How do the existing algorithms differ and what are the trade-offs?
Dr. Dmitry Kobak is going to present the recent work on manifold learning and low-dimensional visualizations of single-cell transcriptomic data. Single-cell transcriptomics yields ever growing datasets containing RNA expression levels for thousands of genes from up to millions of cells, often exhibiting rich hierarchical structure, both continuous and discrete. Common data analysis pipelines include dimensionality reduction for visualising the data in two dimensions, most frequently performed using methods like t-SNE, UMAP, and ForceAtlas2. These methods are all examples of neighbour embeddings: their aim is to keep similar cells as neighbours in the embedding.

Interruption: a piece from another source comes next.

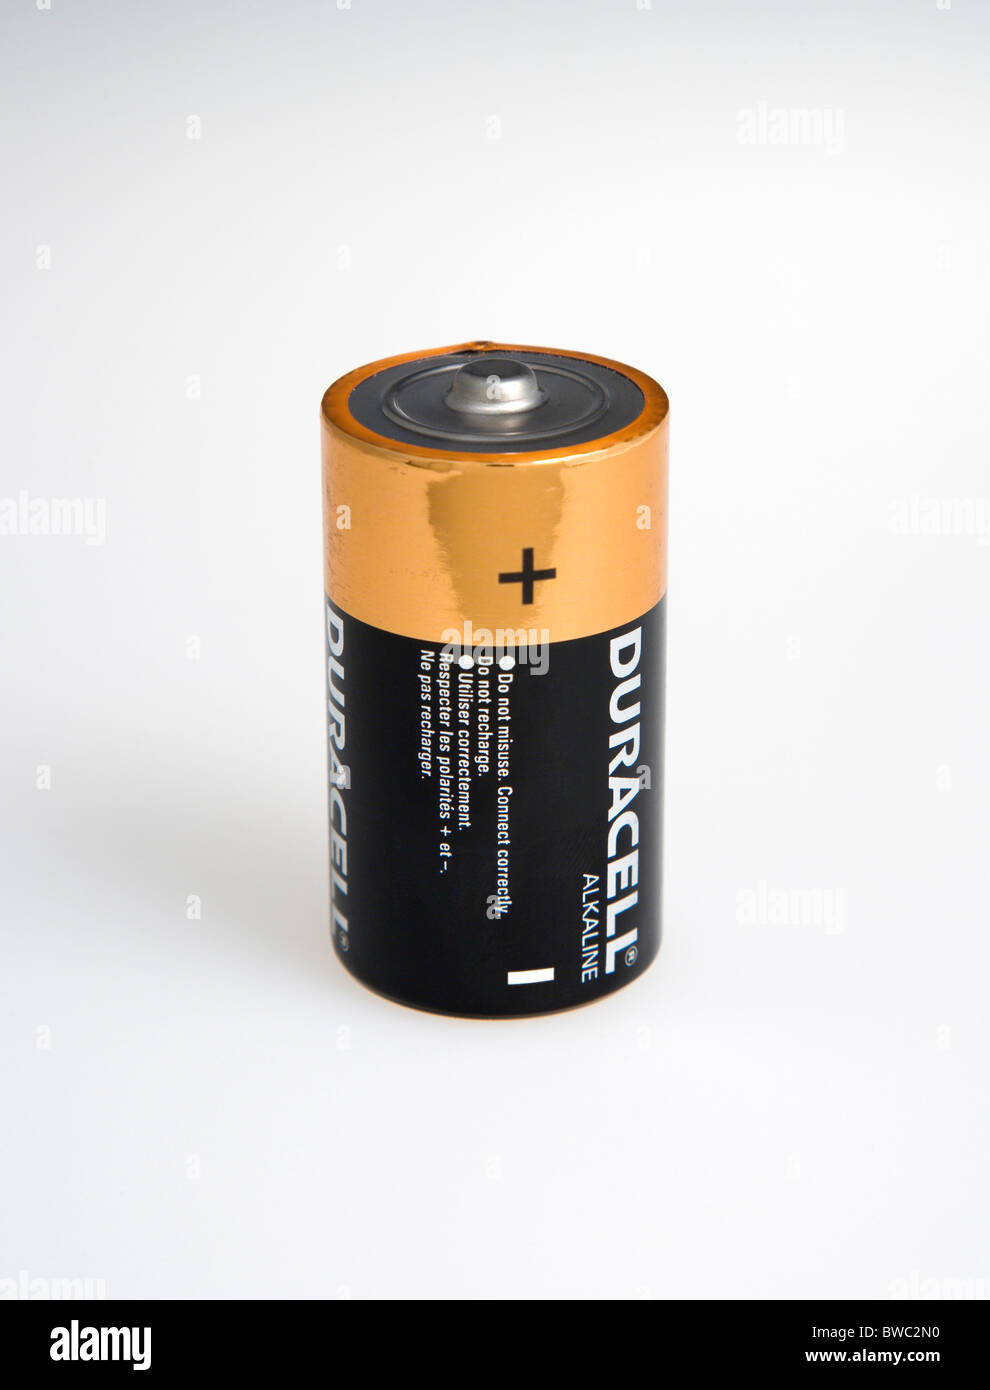 Potencia, pilas 1,5 voltios pilas alcalinas Duracell mostrando los terminales positivo y negativo sobre un fondo blanco Fotografía de stock - Alamy

The most established algorithm, t-SNE, excels at revealing local structure in high-dimensional data, but often struggles to represent the global structure accurately. Dr. Dmitry Kobak will discuss how much this applies to other neighbor embedding algorithms. He will show that changing the balance between the attractive and the repulsive forces yields a spectrum of embeddings, characterized by a simple trade-off: stronger attraction can better represent continuous manifold structures, while stronger repulsion can better represent discrete cluster structures. Also, he will demonstrate that prominent neighbor embedding algorithms can all be placed onto this attraction-repulsion spectrum. He will elucidate other trade-offs, such as revealing coarser or finer cluster structure depending on the shape of the similarity kernel. Furthermore, He is going to demonstrate the influence of optimization parameters such as the learning rate and the initialization on the resulting embeddings. It will be discussed how to construct two-dimensional embeddings of other kinds of data, including library data and image data.